Primero de enero, amanecer en Marne-la-Vallée


Entre kebab, café turco y narguilé. Aromas que se preñan en nuestras ropas para siempre. Tabaco negro que forma nubes espesas que logran mezclarse con la neblina de las primeras horas del primer día del año nuevo. Rea Florentine no vive ya aquí, el jardinero de las Tullerías se trasladó al otro lado de Paris. Tal vez no lo veré más. Aparecen los personajes fellinianos de la discoteca Balajó: elegantes, en fila india desfilan en mi Amarcord de una periferia imaginaria. Figuras grotescas, collage de Georg Grosz, lecturas de Henry Miller y modernité baudelariana. Desfilan y se ríen, duermen sueños placidos de borrachos de la medianoche del último dia del año. sufren, gozan, se desesperan. Aparecen clochard inverosímiles, salen de los caveau de la Place de la Concorde, somnolientos, apresurados, neuróticos, felices.
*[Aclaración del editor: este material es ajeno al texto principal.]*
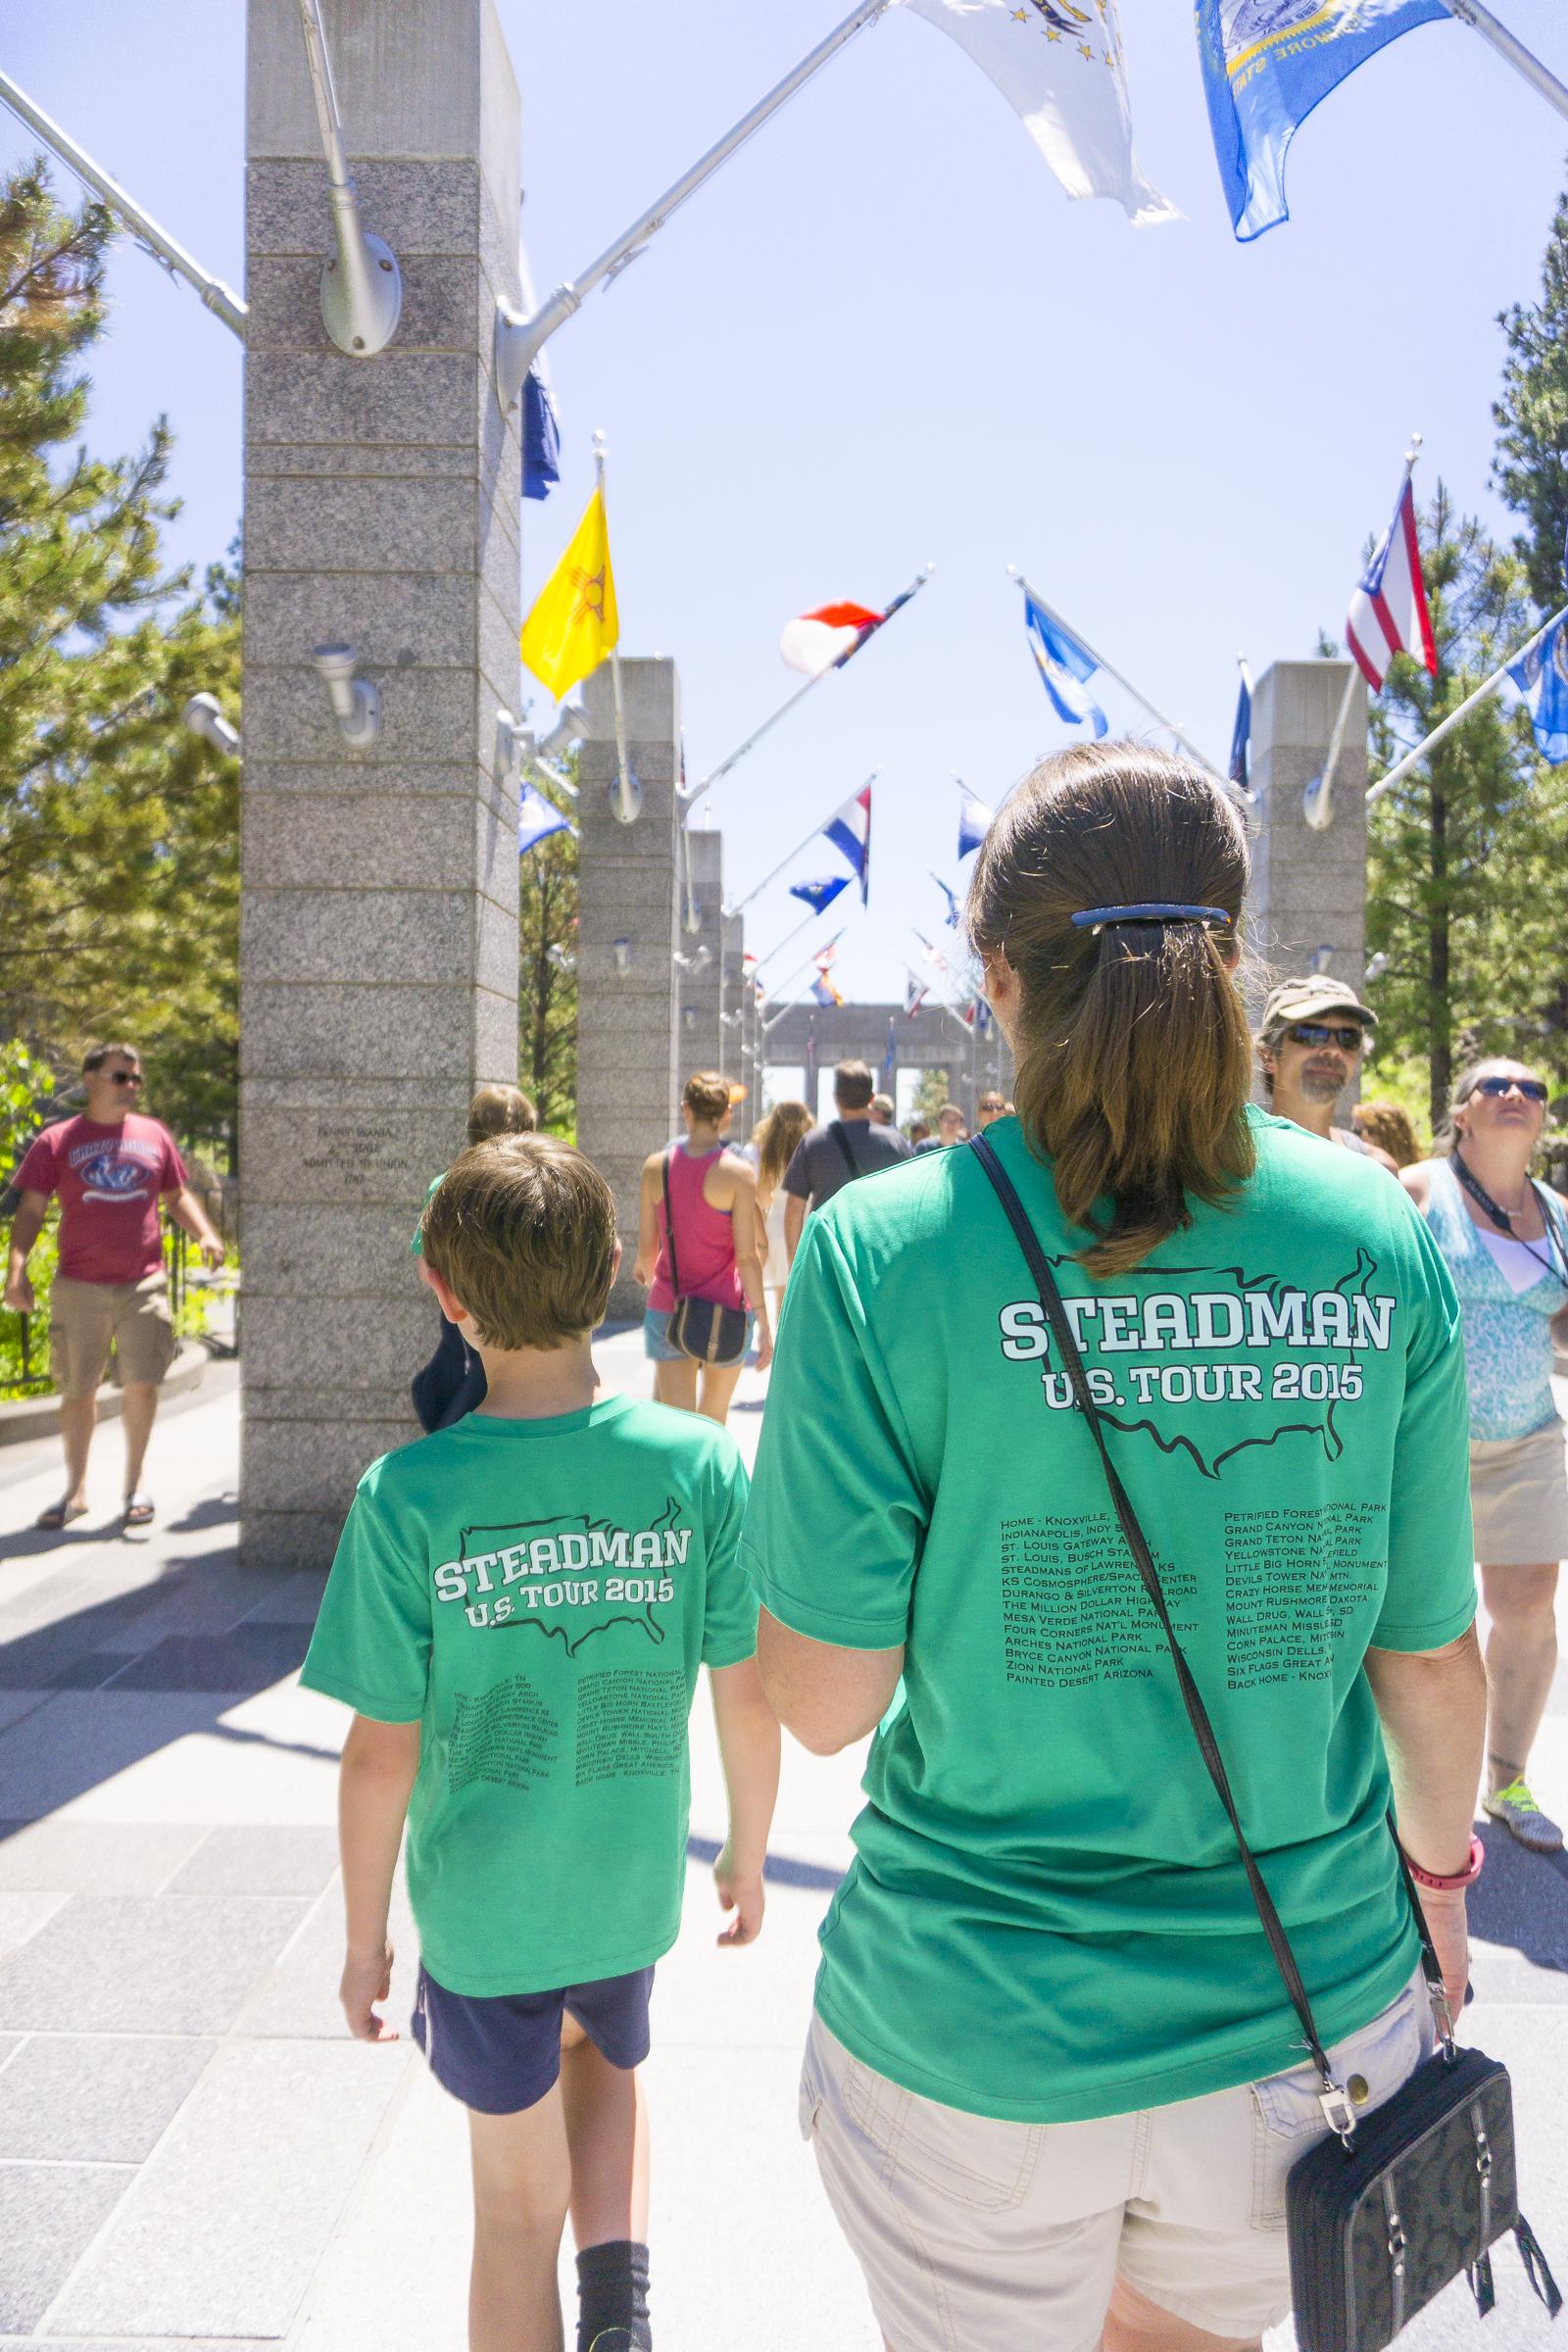 Visiting Mount Rushmore National Memorial

Danielle ya se fue, no resistió el último trago fuerte de la noche, como una reina de saba se disuelve en el misterio de su aparición. Un hada verde deglutida por un poema de Artaud. Con el último metró desvanece la noche. Resiste solo el gris parisino, la primera luz que al diluculo ofende el negro cielo de la banlieu. Alucinaciones rimbaudianas.

Último cigarrillo antes de desaparecer. Los amigos ya se habrán ido, “el trigrillo”, Andrés, Robert, la chicha del cartero de Montparnasse, el argelino que vendía baguette en la esquina de la Rue Oberkampf. Todos se fueron. Me quedo solo en un café de Marne-la-Vallée. Un cigarrillo más, otro café turco. Humo y melancolía para iniciar un nuevo año. Faltan ya diez años para terminar un siglo. Hoy no habrá noticias, Mitterand sigue la política de la grandeur, el mármol de Napoleón será besado por los turistas de siempre, y por los nuevos que vendrán desde Grenoble, Calais, Avignone.

Parece haberse ido el frio de diciembre, de repente, o será el Pastis de anoche. Danielle estaba borracha, la jungle que ella detesta a esta hora sigue durmiendo, la Sena sigue el fluir del tiempo, como al final de aquella gran novela de Céline. A esta hora solo rostros desesperados y felices, las luces aun encendidas del Pont des Arts que imagino aun repleto de sueños e ilusiones. Un apresurado Toulouse-Lautrec que se dirige hacia su casa.

Retorno metafísico a París, como si fuera un Monsieur Teste apócrifo. Todo el fuego y toda la ebriedad que manifiesta la ciudad. Luces, colores, atmósferas surreales. Me fumo otro cigarrillo, tomo otro café turco, y me iré.